• Exercise brief: Starting with the line that contains "Overstock Gold Snake" and stopping after the line that contains "SMA MALE RIGHT", copy the entries below exactly. Include nothing else.

• Data:
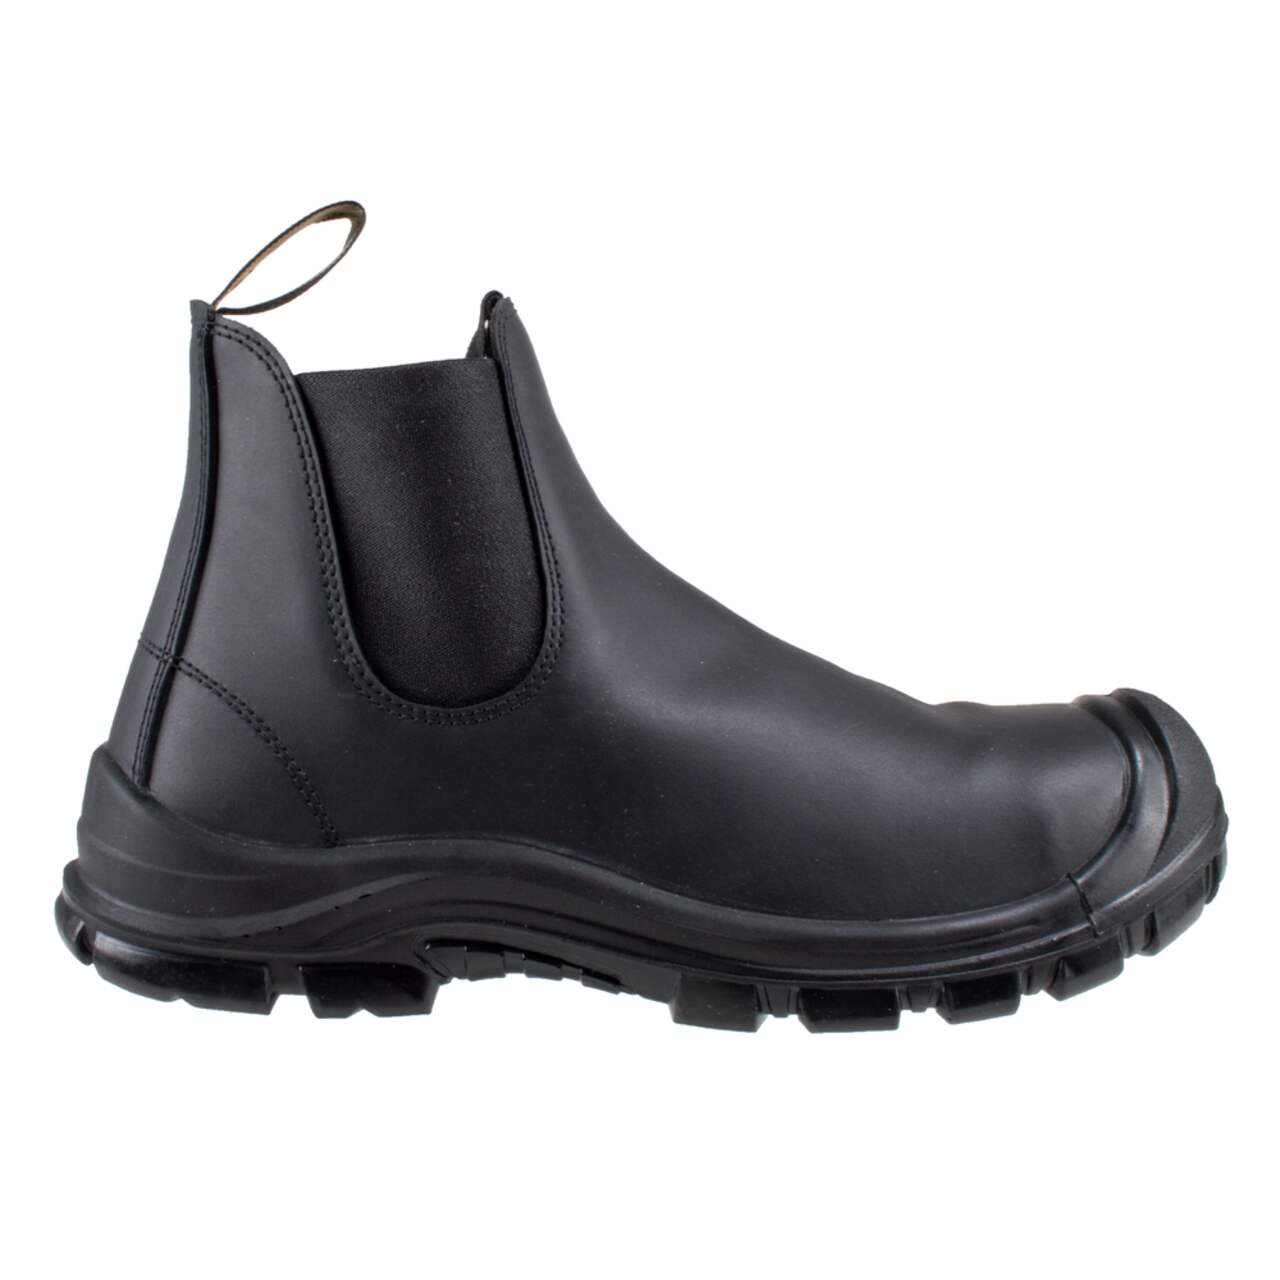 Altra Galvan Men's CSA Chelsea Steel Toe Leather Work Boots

==

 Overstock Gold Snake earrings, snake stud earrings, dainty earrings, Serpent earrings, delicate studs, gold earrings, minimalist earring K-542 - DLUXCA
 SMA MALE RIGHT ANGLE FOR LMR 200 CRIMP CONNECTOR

* * *

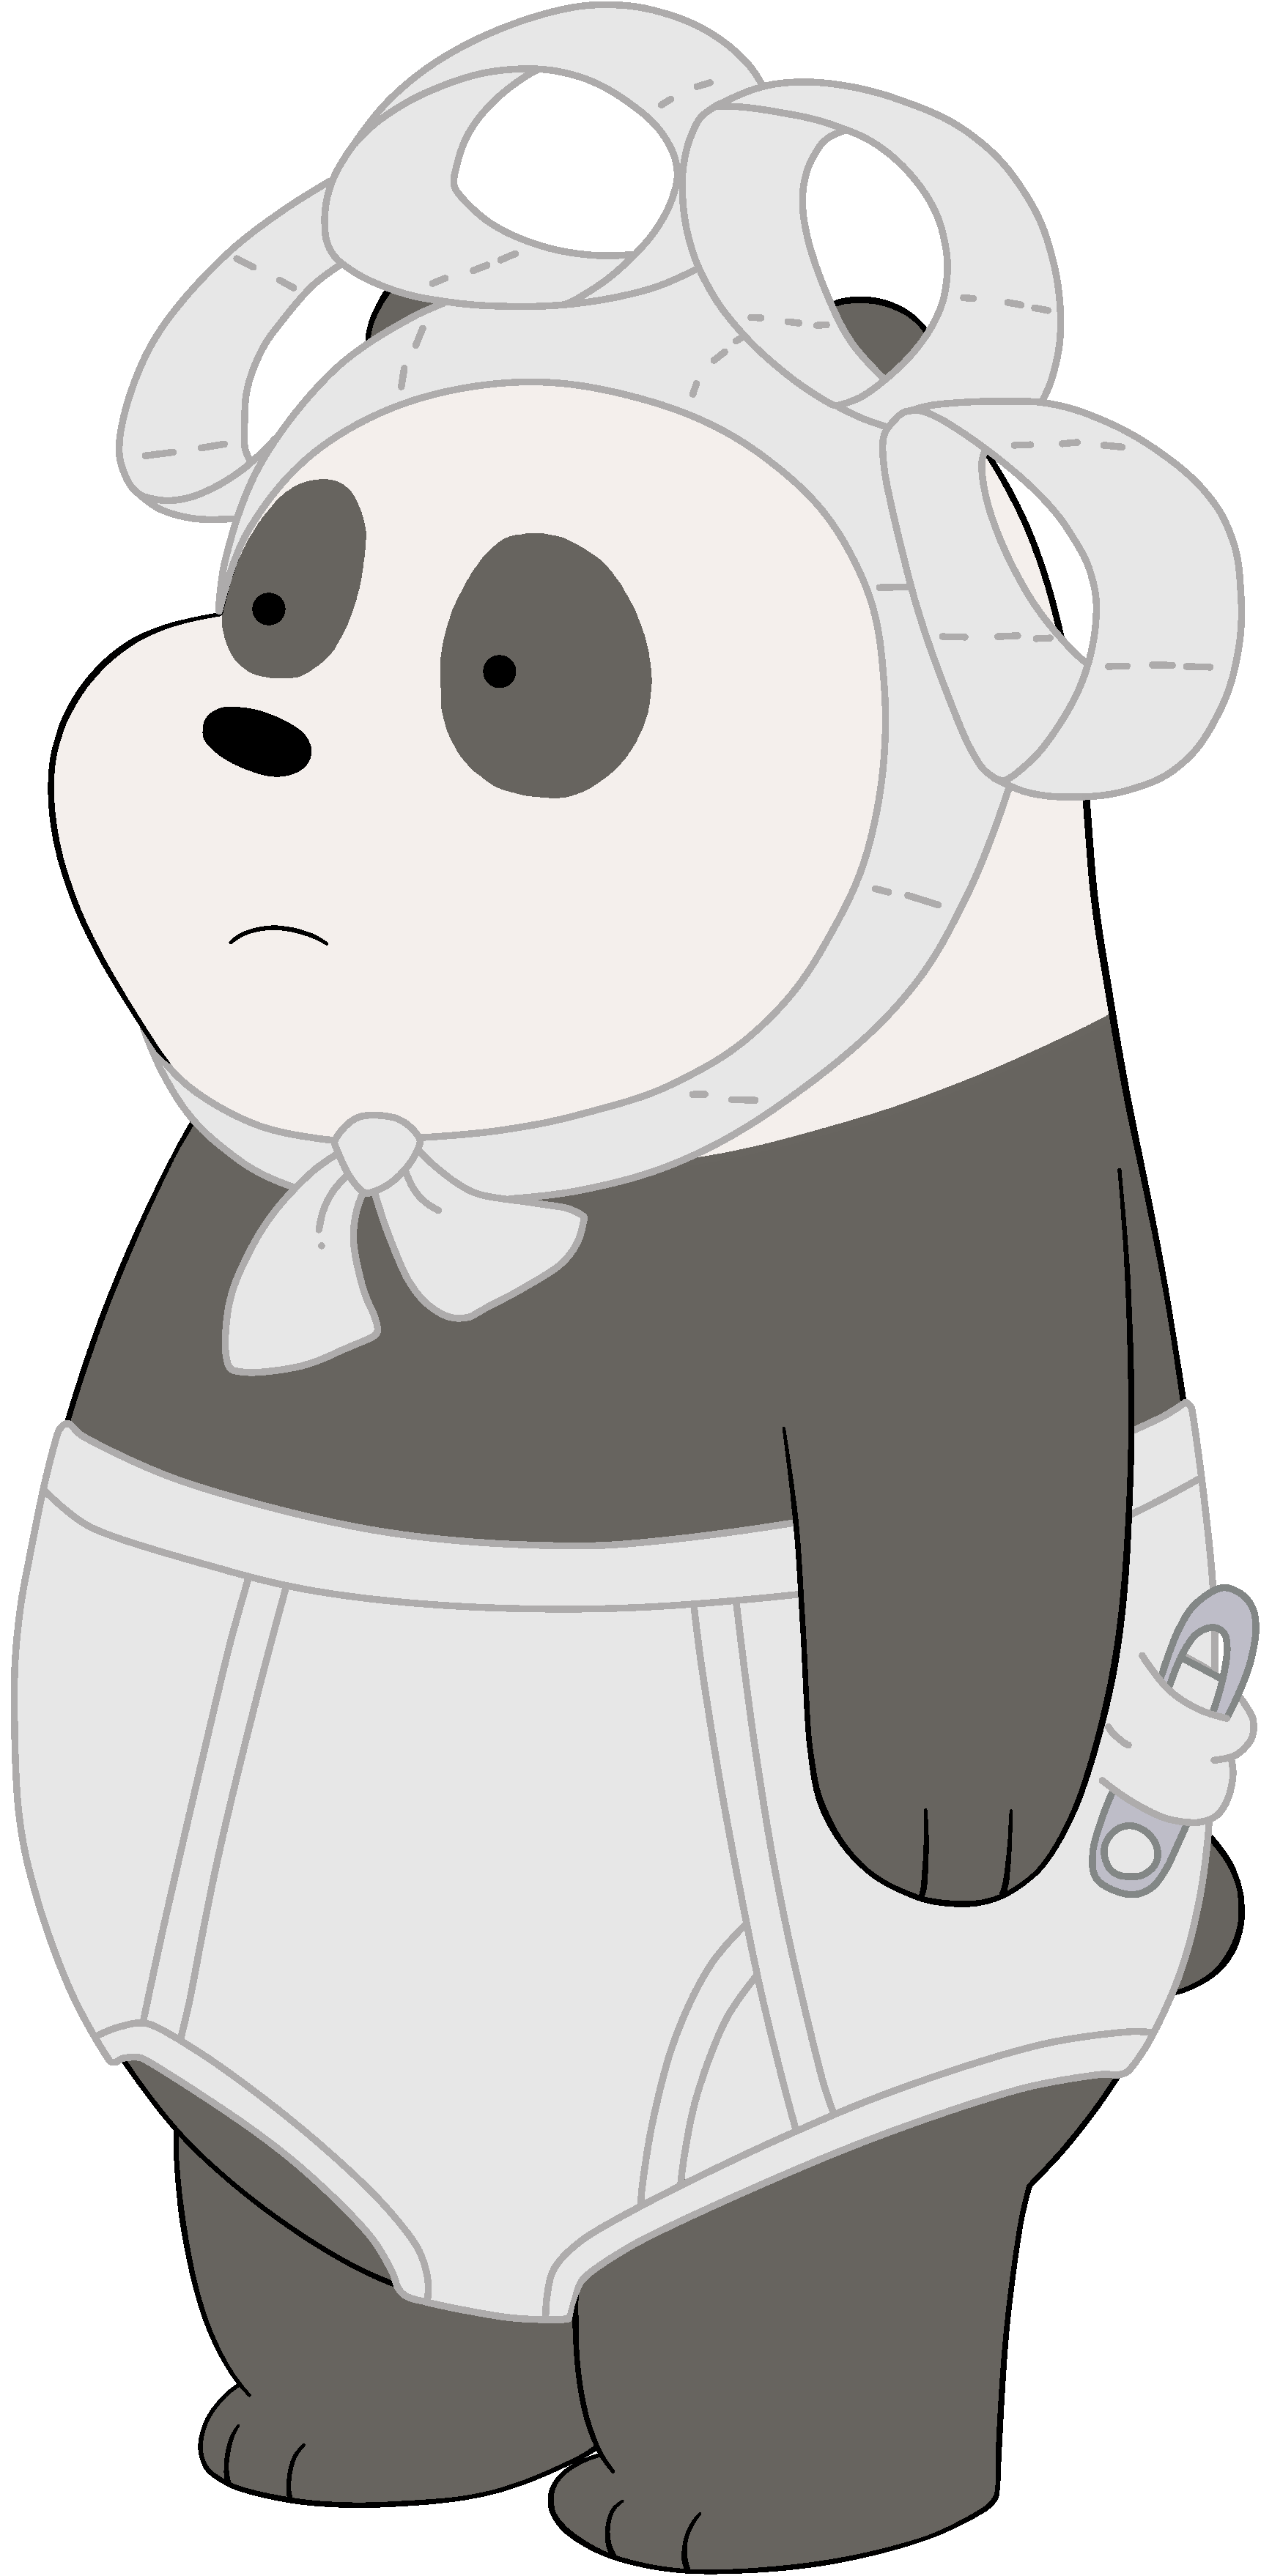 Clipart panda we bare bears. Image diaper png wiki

• Solution to the problem:
 Overstock Gold Snake earrings, snake stud earrings, dainty earrings, Serpent earrings, delicate studs, gold earrings, minimalist earring K-542 - DLUXCA
 SMA MALE RIGHT ANGLE FOR LMR 200 CRIMP CONNECTOR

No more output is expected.